### Problem
The expected output is every line of the data exactly as shown, minus the images.

### Data shown
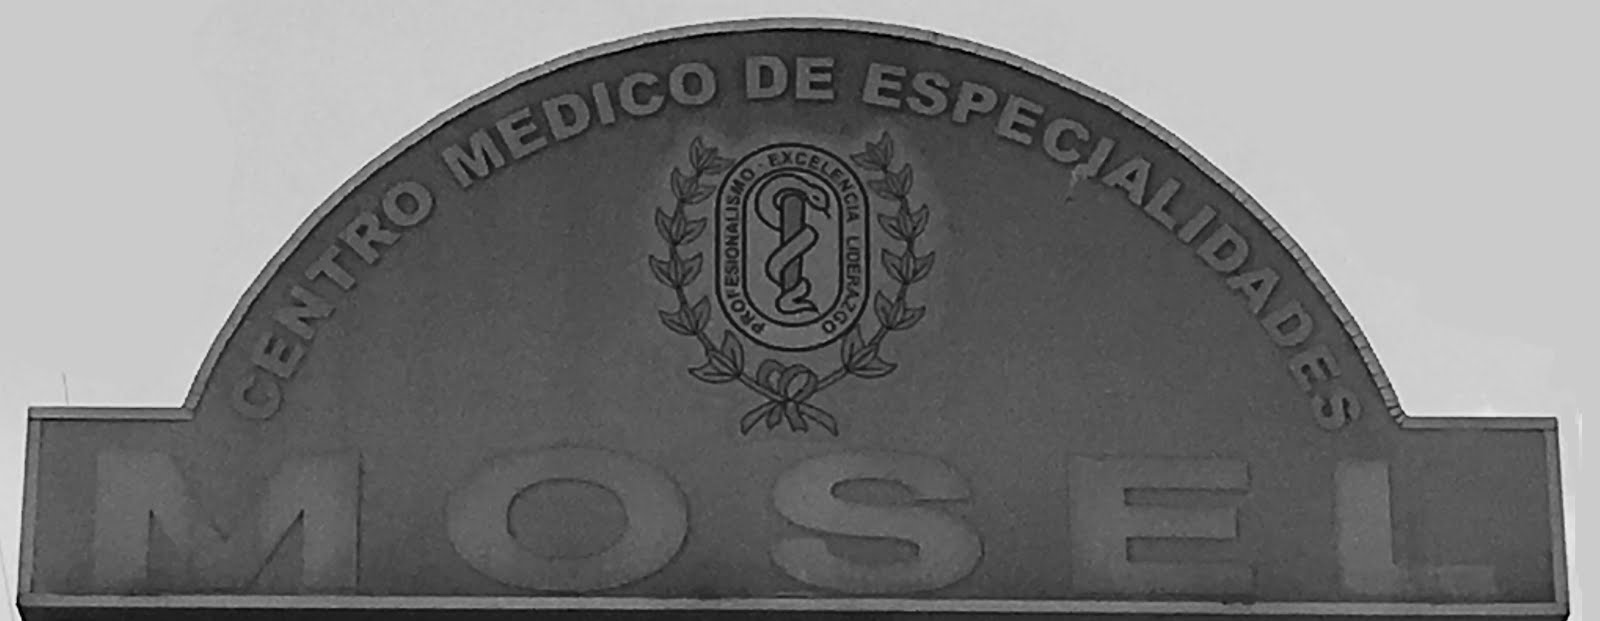 Centro Medico de Especialidades MOSEL
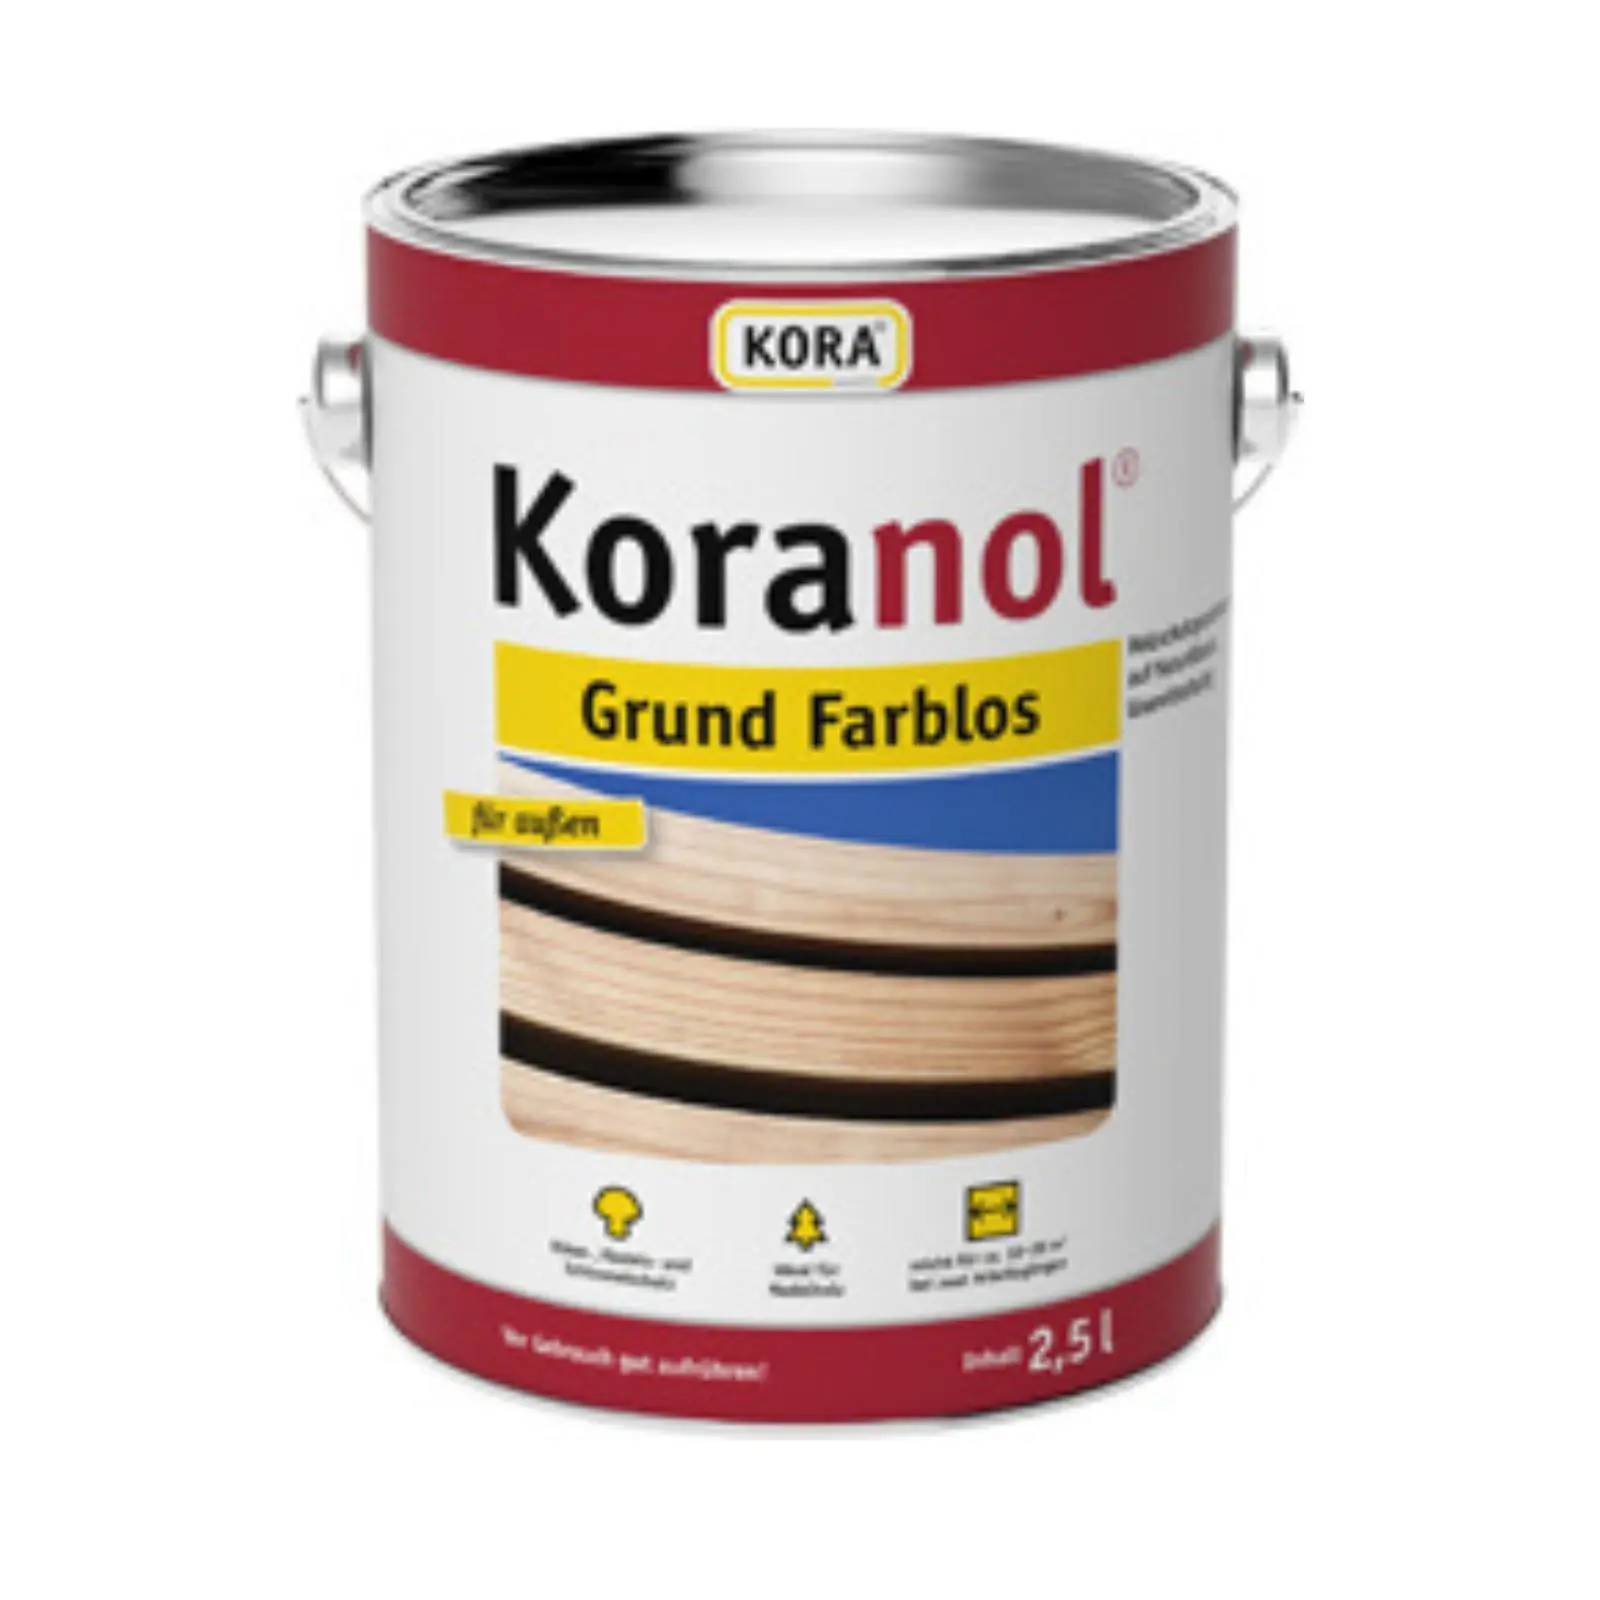 Koranol Grund farblos, 2,5 Liter
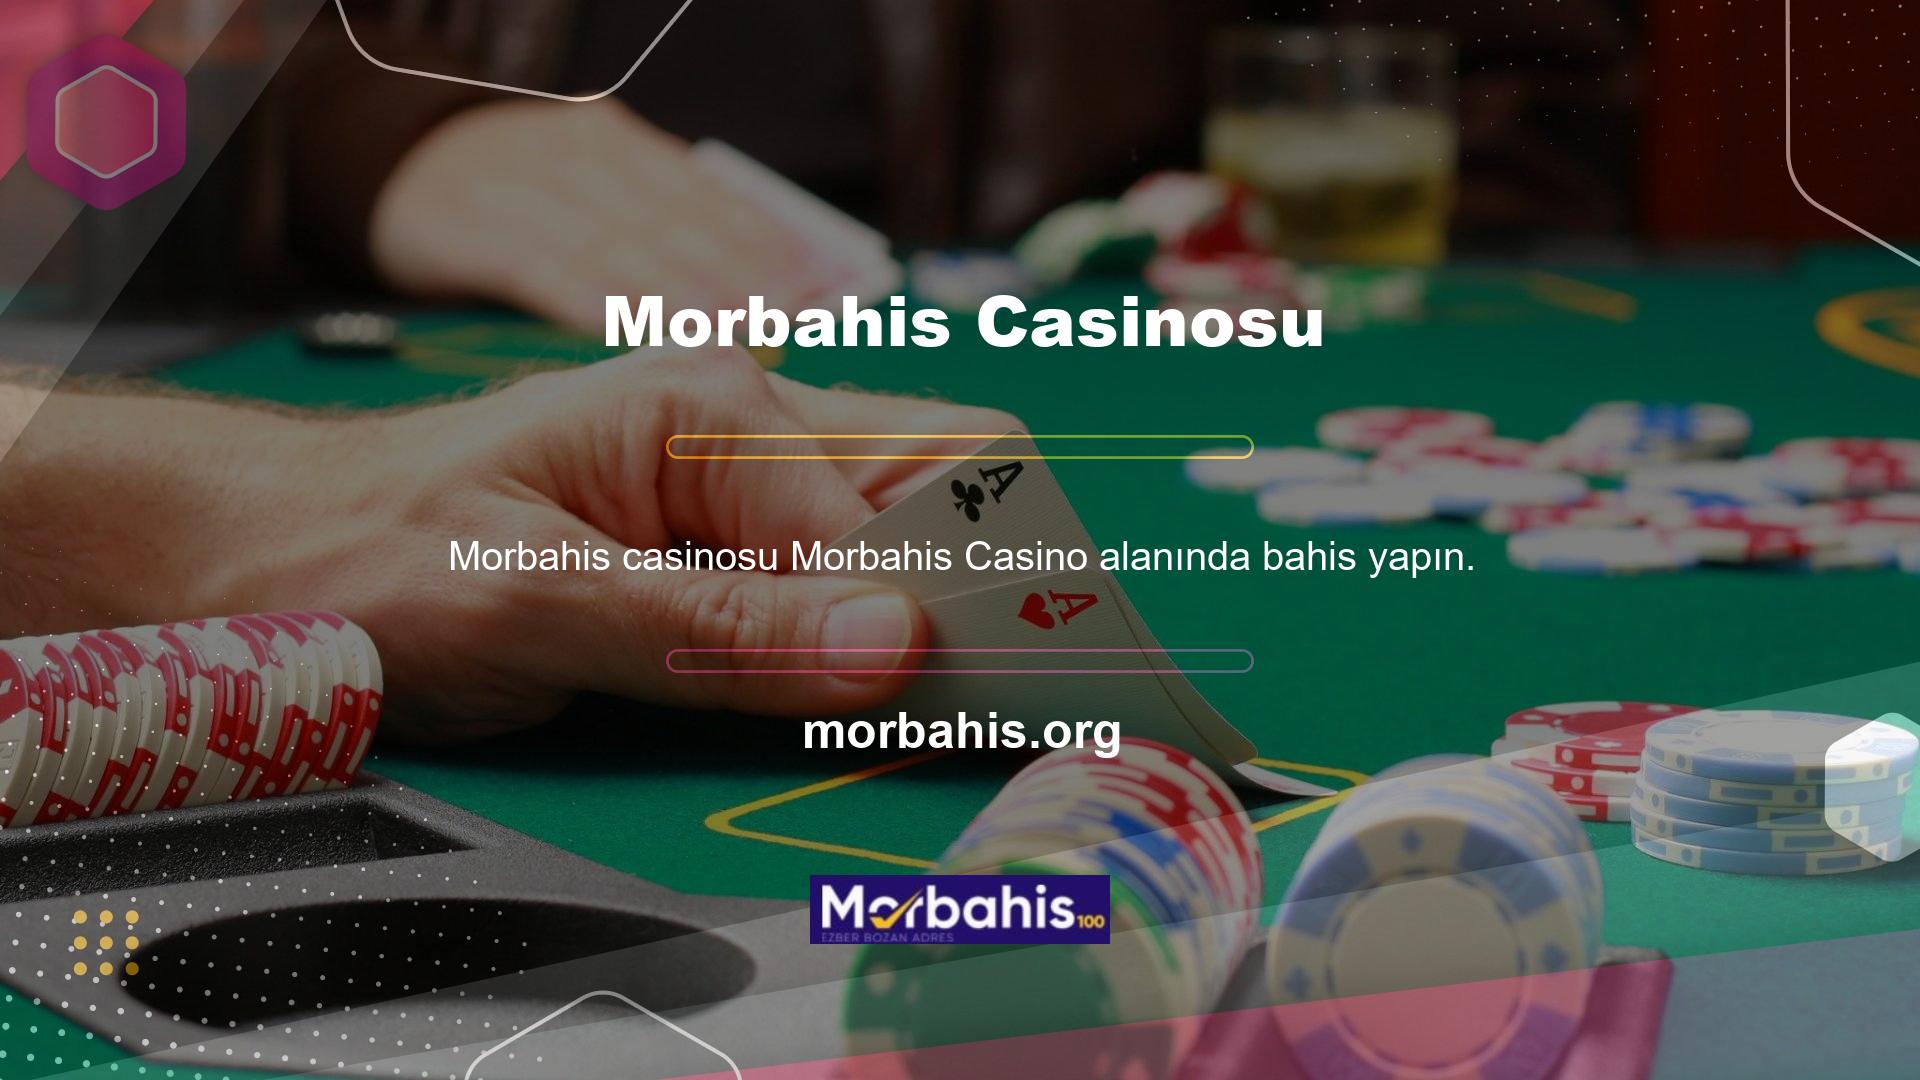 Morbahis Casinoda oynayabilmeniz için önce web sitesinde bir hesap oluşturmanız gerekir
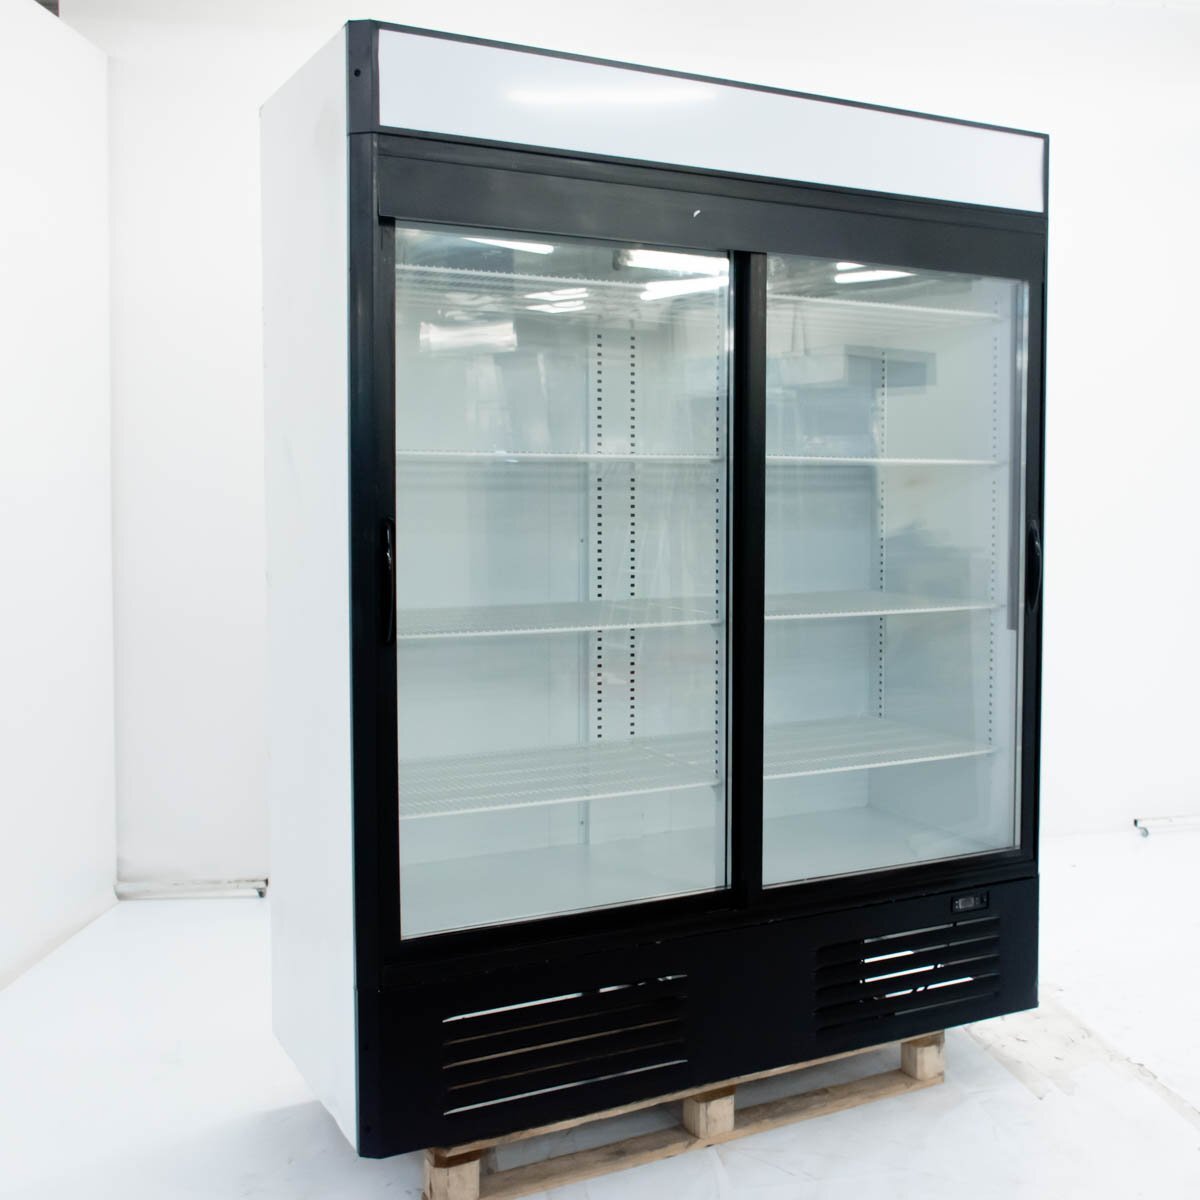 Шкаф холодильный марихолодмаш капри 0 7 м

### Final answer
 Centro Medico de Especialidades MOSEL
 Koranol Grund farblos, 2,5 Liter
 Morbahis Casinoda oynayabilmeniz için önce web sitesinde bir hesap oluşturmanız gerekir
 Шкаф холодильный марихолодмаш капри 0 7 м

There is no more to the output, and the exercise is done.